Action item:
From the entries below, print exactly the span beginning with the line holding "La temporada 4" and ending with the line holding "Costway 10' Hanging", endpoints included, and skip any pictures.

Provided data:
◆ ◆ ◆ ◆ ◆ ◆ ◆
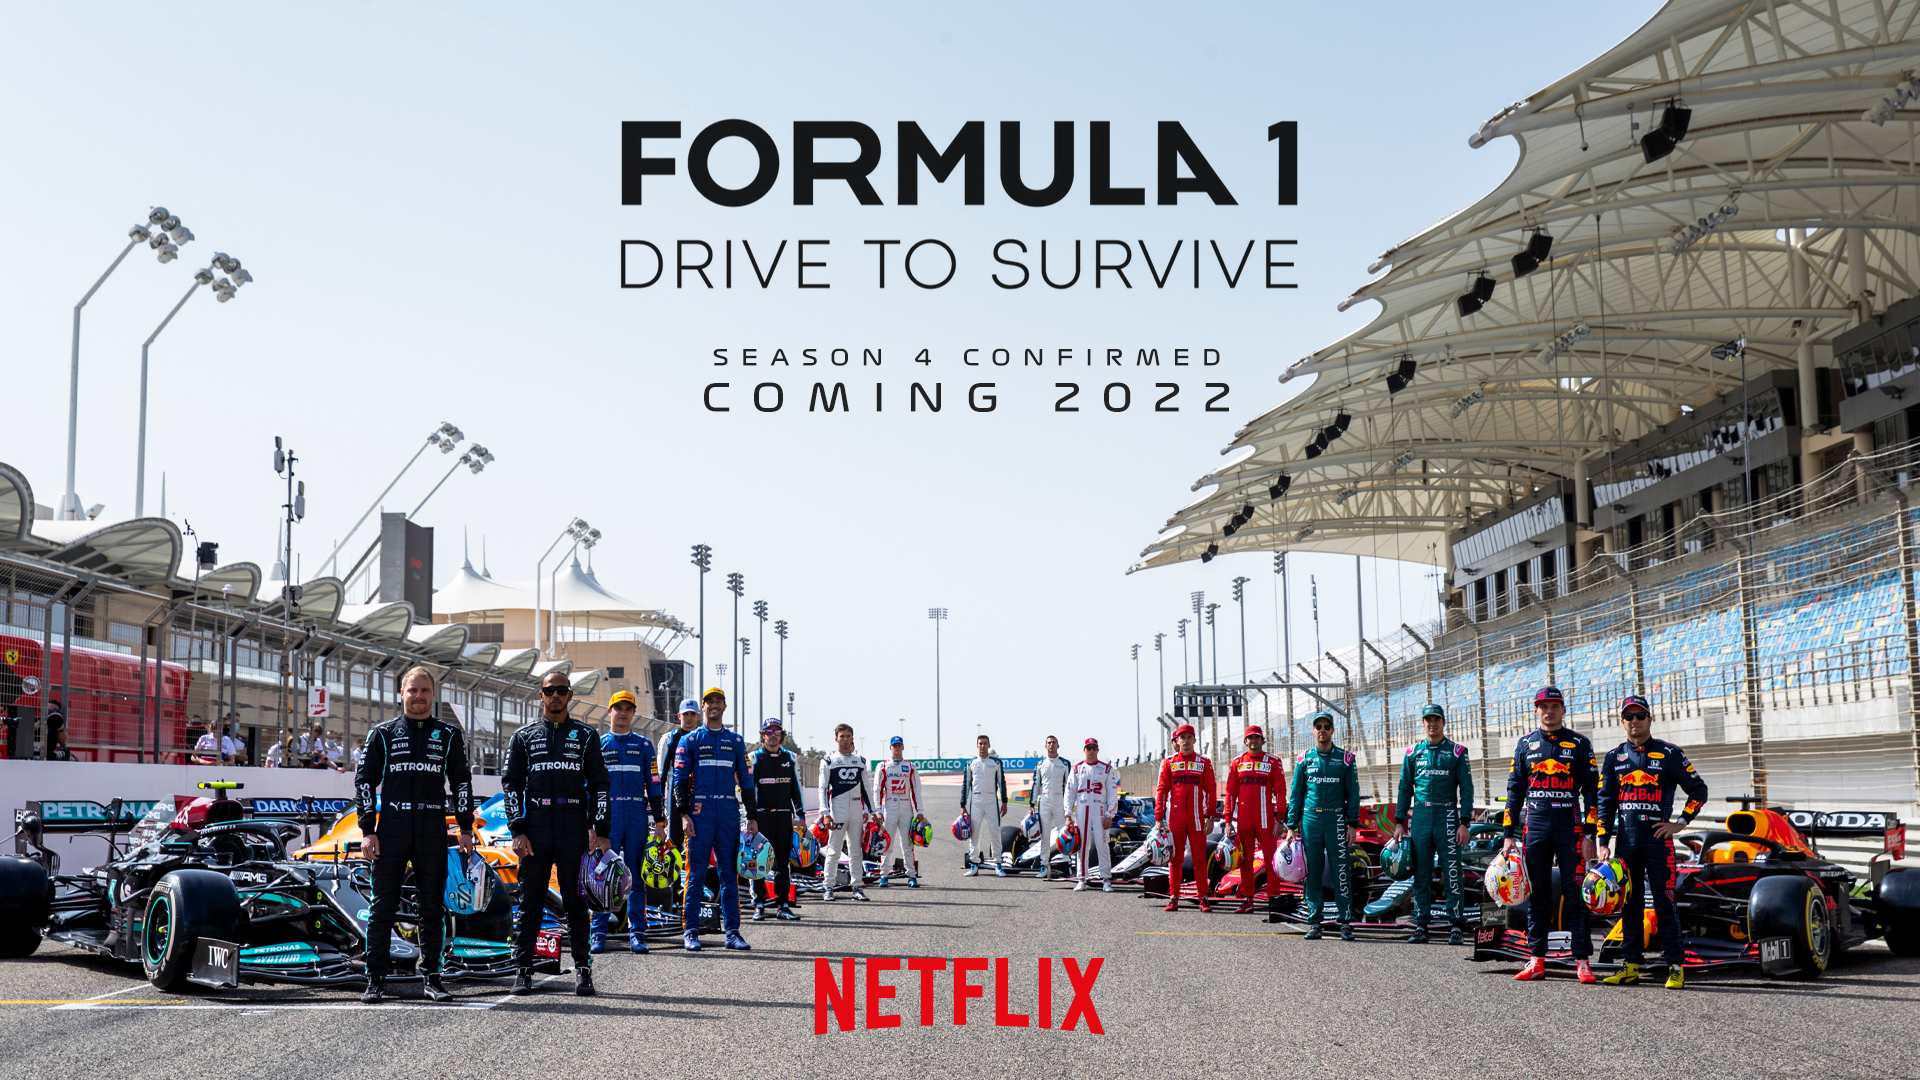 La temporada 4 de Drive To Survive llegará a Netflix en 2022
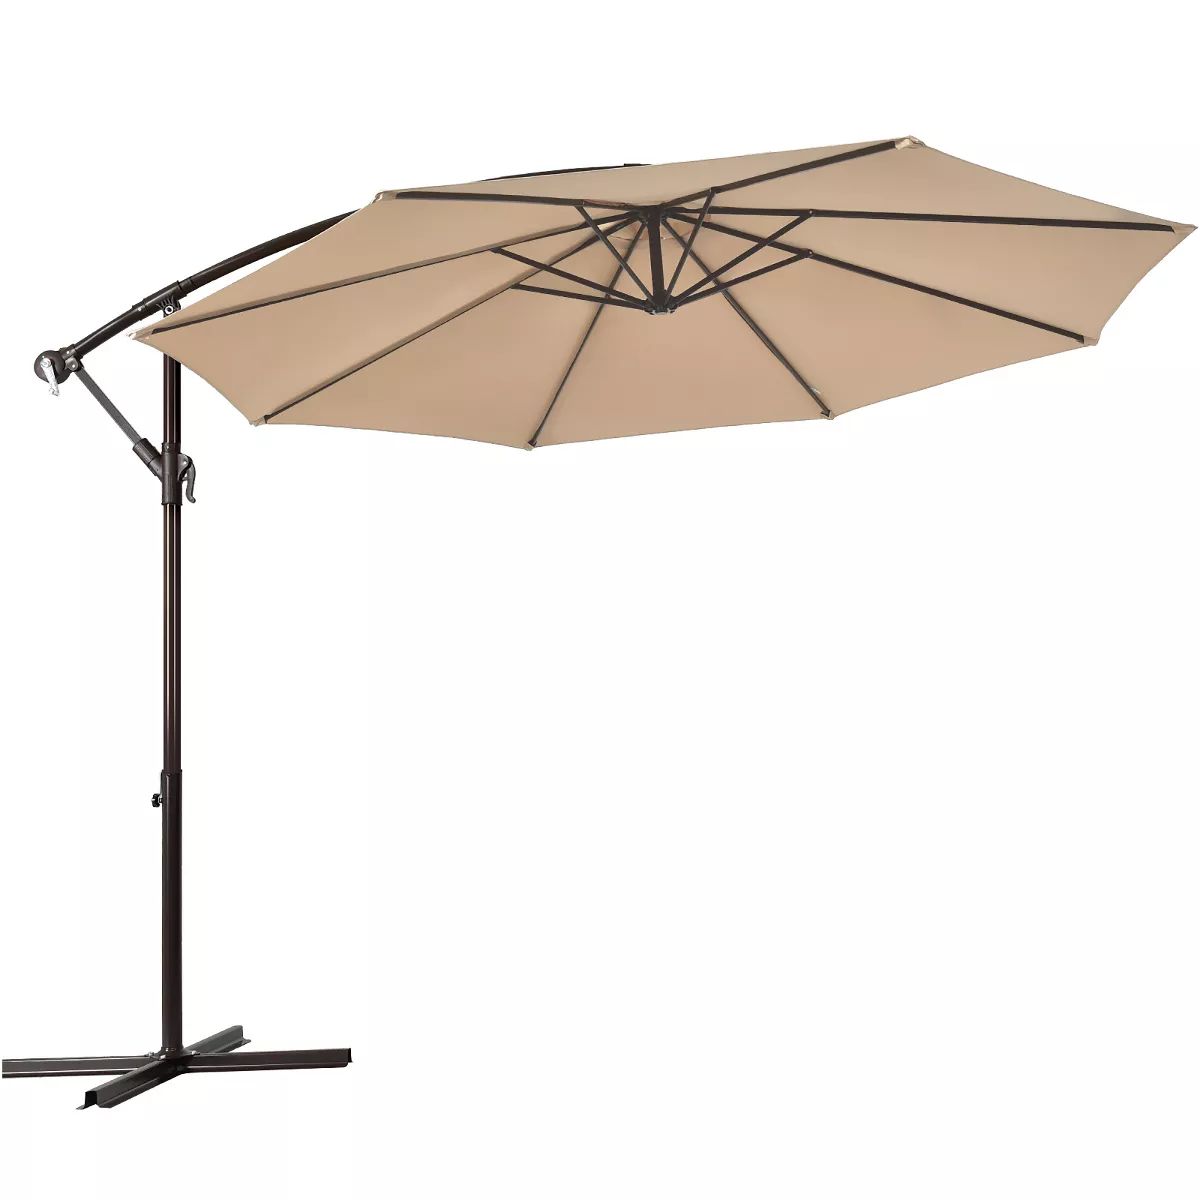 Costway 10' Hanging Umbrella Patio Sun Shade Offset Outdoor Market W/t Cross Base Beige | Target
◆ ◆ ◆ ◆ ◆ ◆ ◆
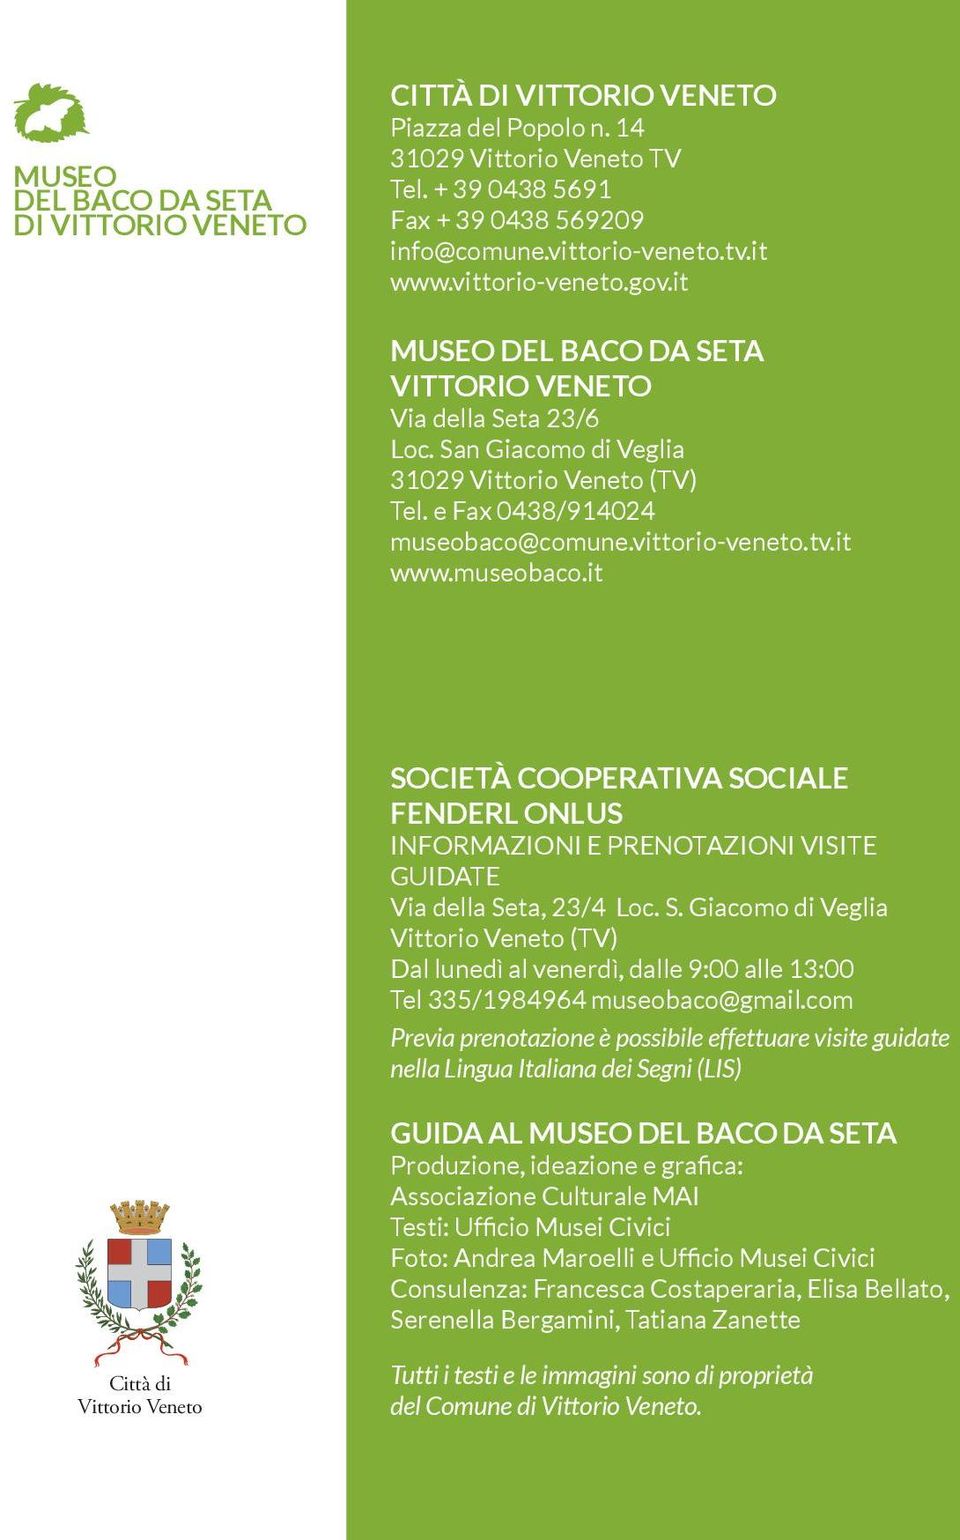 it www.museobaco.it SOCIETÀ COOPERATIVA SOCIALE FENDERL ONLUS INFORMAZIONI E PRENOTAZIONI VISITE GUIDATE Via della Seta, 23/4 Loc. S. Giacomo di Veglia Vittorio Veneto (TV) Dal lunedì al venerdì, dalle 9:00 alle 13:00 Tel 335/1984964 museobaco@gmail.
◆ ◆ ◆ ◆ ◆ ◆ ◆
Finished task:
 La temporada 4 de Drive To Survive llegará a Netflix en 2022
 Costway 10' Hanging Umbrella Patio Sun Shade Offset Outdoor Market W/t Cross Base Beige | Target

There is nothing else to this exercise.